ROCHESTER, N.Y. (WROC) — A generally dry spring and summer across the Lake Ontario basin led to below average water levels since January 2021, bottoming out in mid-March at 244.4 ft.
That was around 6-10″ below average. Now after a wet stretch through July, water levels have jumped to normal levels heading into the fall.
Levels started to go up because of typical spring melt in April, but consistent lack of moisture led Lake Ontario to drop again into summer.
Late June and early July water levels ran more than a foot below average, causing problems for some boaters and marinas.
The trend switched in July as rains across the basin went above average. Rochester ranked as fifth wettest July on record.
The International Joint Commission (IJC) is working toward making sure water levels remain at a desired level by monitoring forecasts and adjusting levels at various dams across the Great Lakes.
Jane Corwin, US Chair of the International Joint Commission addressed the public in a webinar on Friday, August 27, acknowledged how difficult the flooding has been and the direct contrast that is to 2021.
“Many of us find ourselves faced with the opposite trend of low water and drought conditions across most of the US Canadian Border.

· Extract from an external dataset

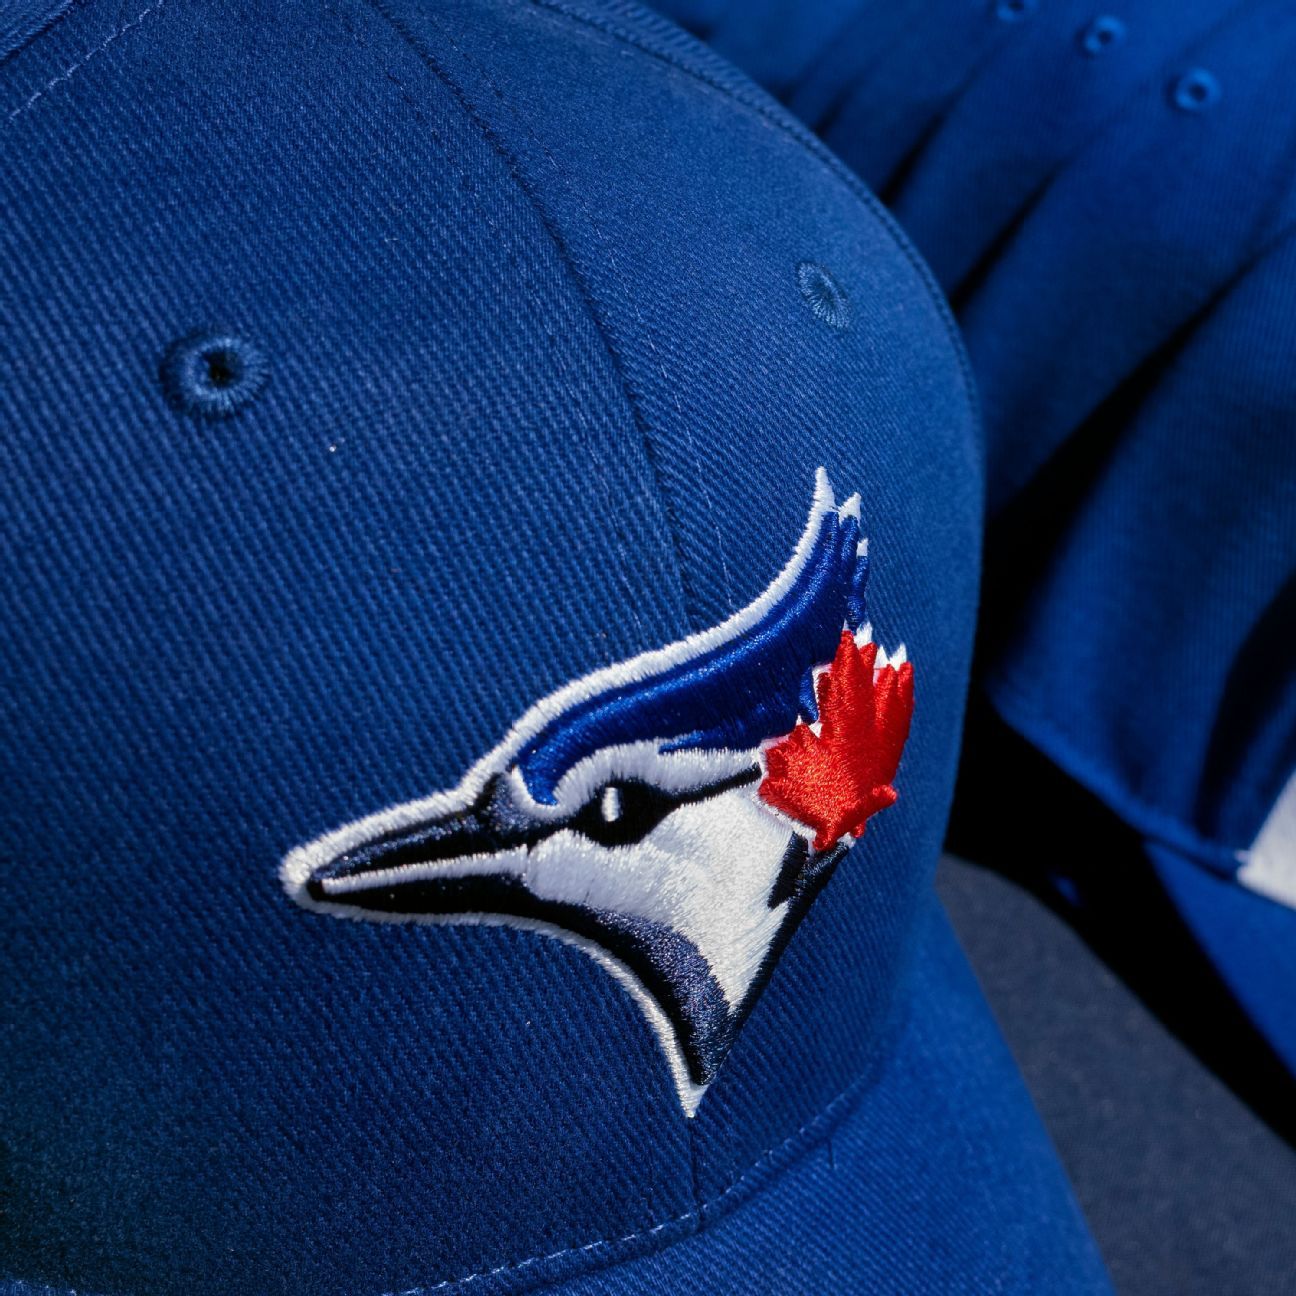 Blue Jays uncertain of 2021 home after COVID-19 forced them to play 2020  season in Buffalo
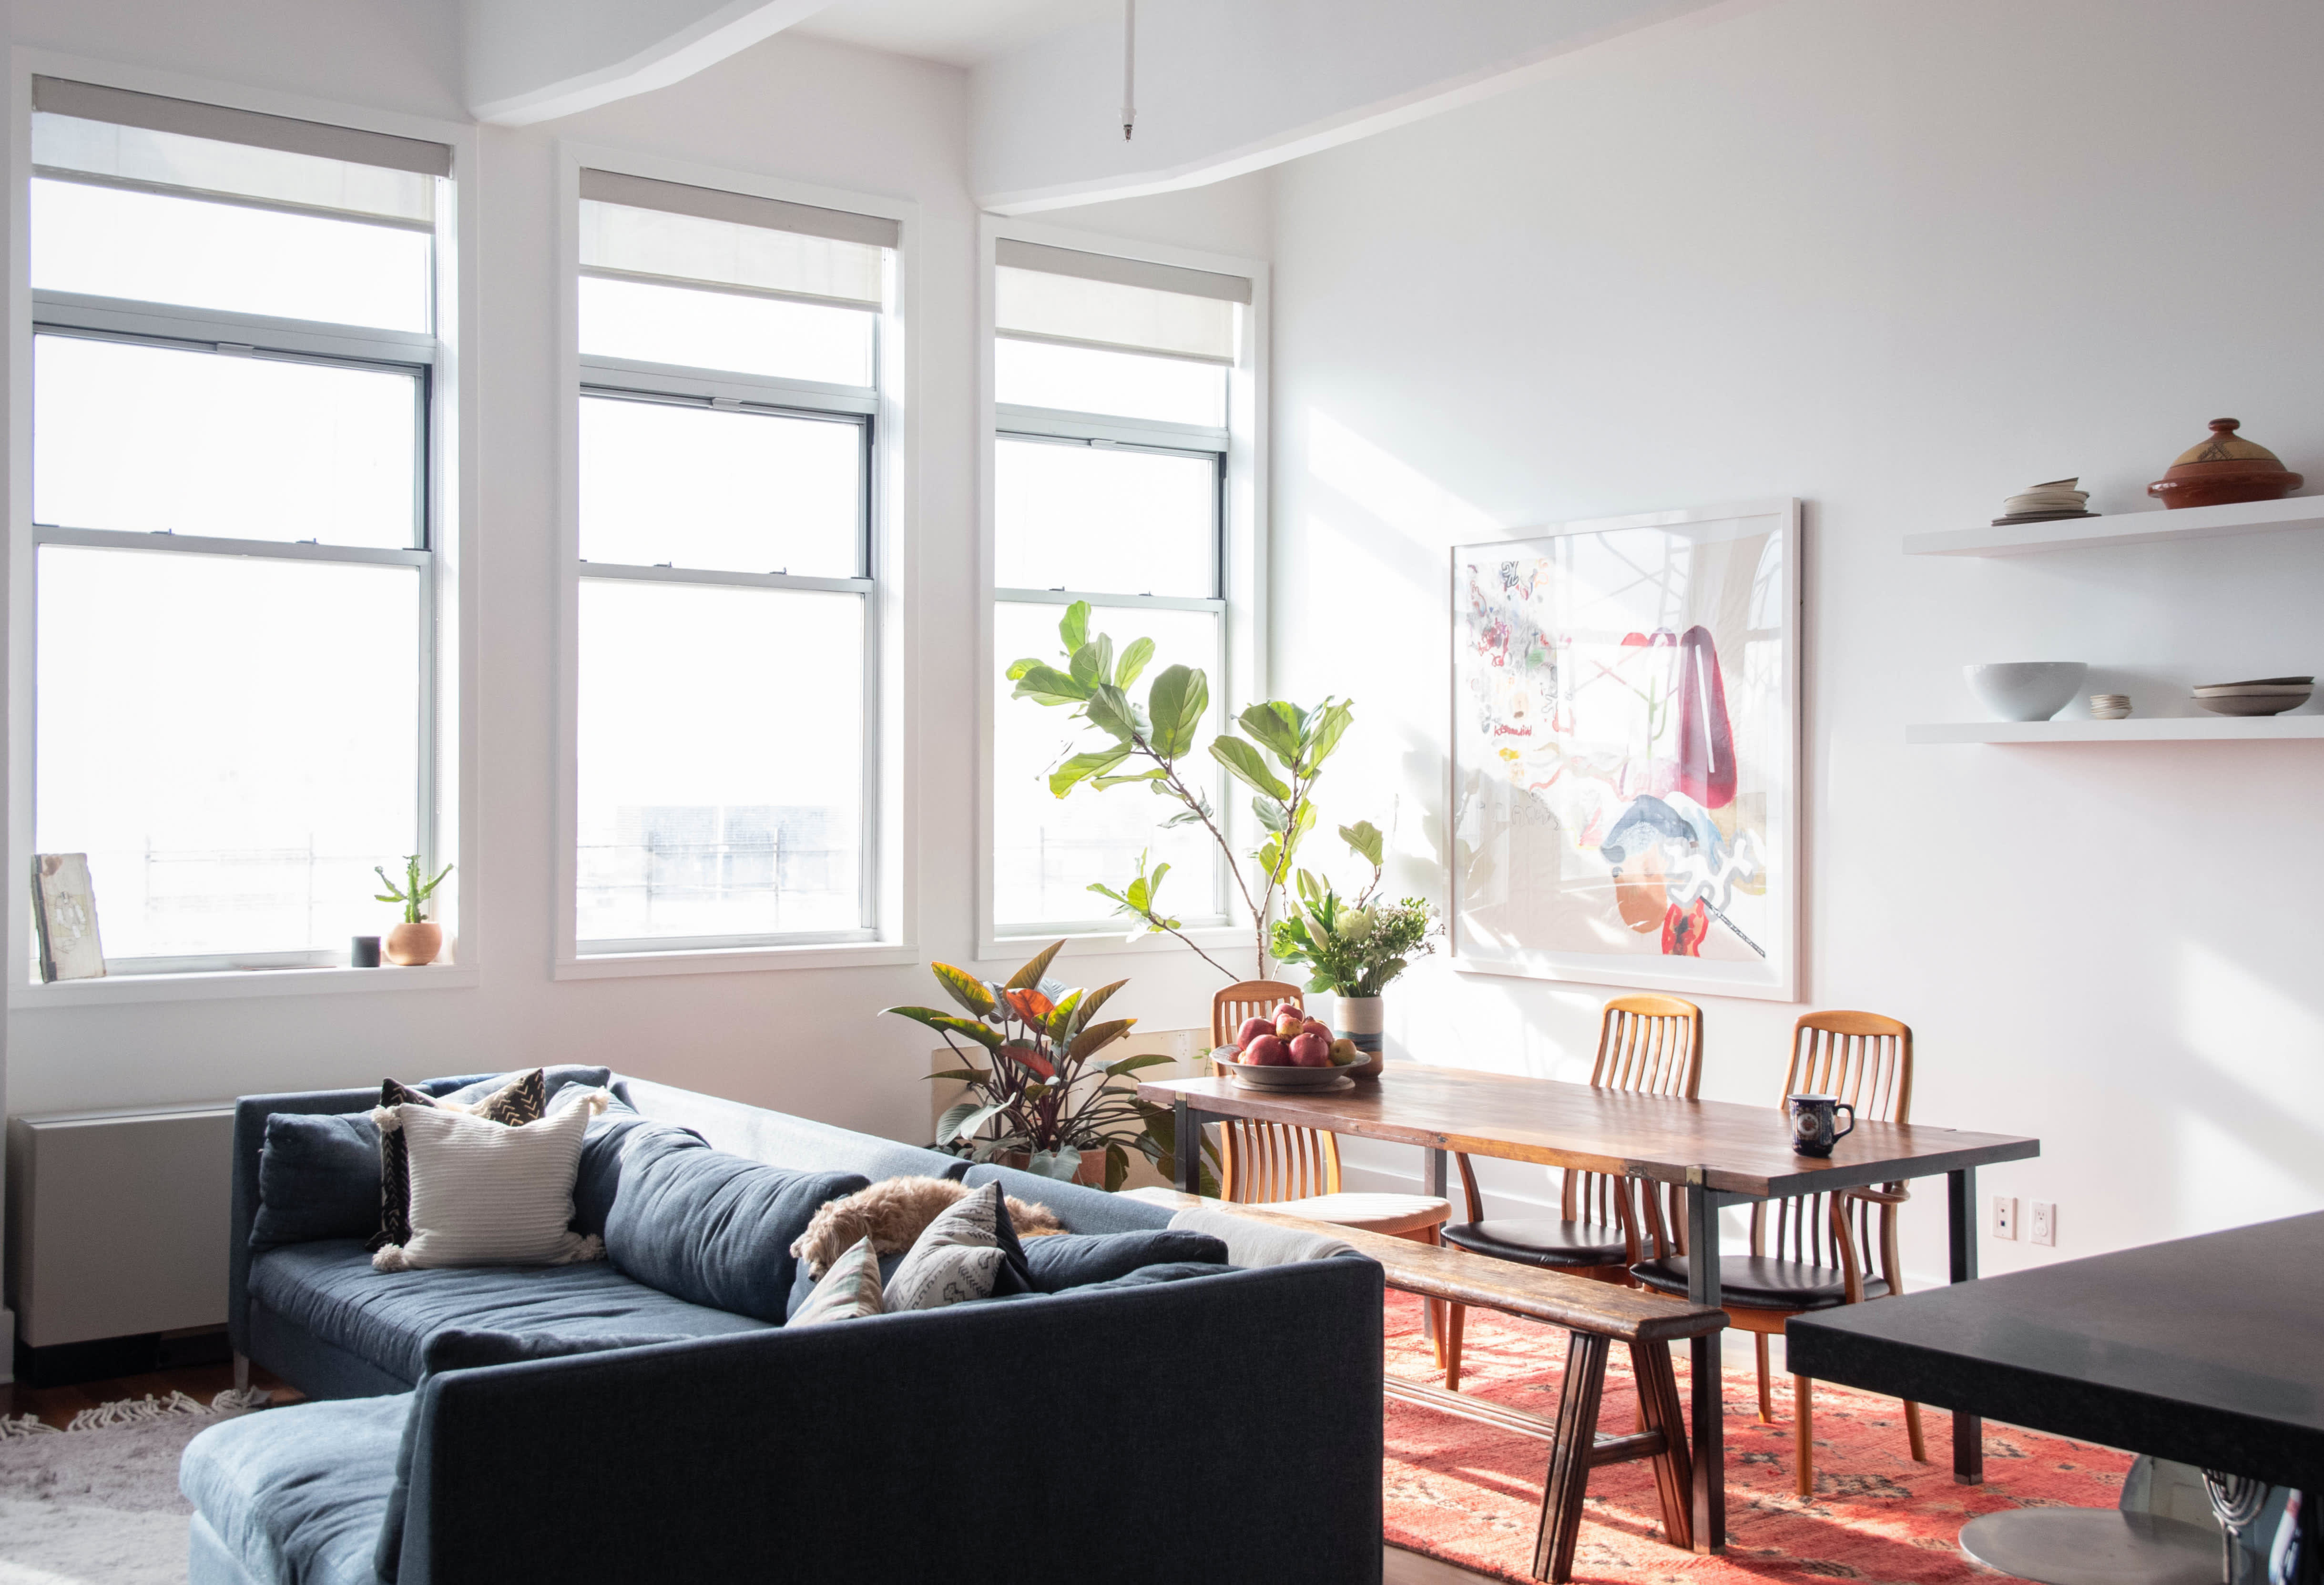 Chef Eden Grinshpan Brooklyn Home Photos | Apartment Therapy

We understand that conditions have been very challenging for many of you and we want you to know that we are listening.”
Aaron Thompson, Canadian co-chair of the Intl Niagara board of control noted that 2015 to 2019 was the wettest stretch on record for the Great Lakes period. That was followed by significant drought conditions in May 2021.
Nearly all of the Ottawa River Basin ran at drought conditions through the spring, that contributes in dictating water flow through the Moses-Saunders Dam. Flow is calculated using Plan 2014 that takes into account environmental impacts, Great Lakes inflow, Municipal water intakes, commercial navigation, ice management, and downstream flooding.
The international Lake Ontario St. Lawrence River board is run by three Canadians and three Americans.
According to the ILOSLRB, changing flow through the Moses Saunders dam can dramatially alter water levels at Lake St. Louis and Montreal. These flows are being analyzed by the Great Lakes Adaptive Management (GLAM) team that is working on an expedited review of Plan 2014. This has supported deviations of decisions to prevent peak water levels seen in both 2017 and 2019. This should be done by October 2021.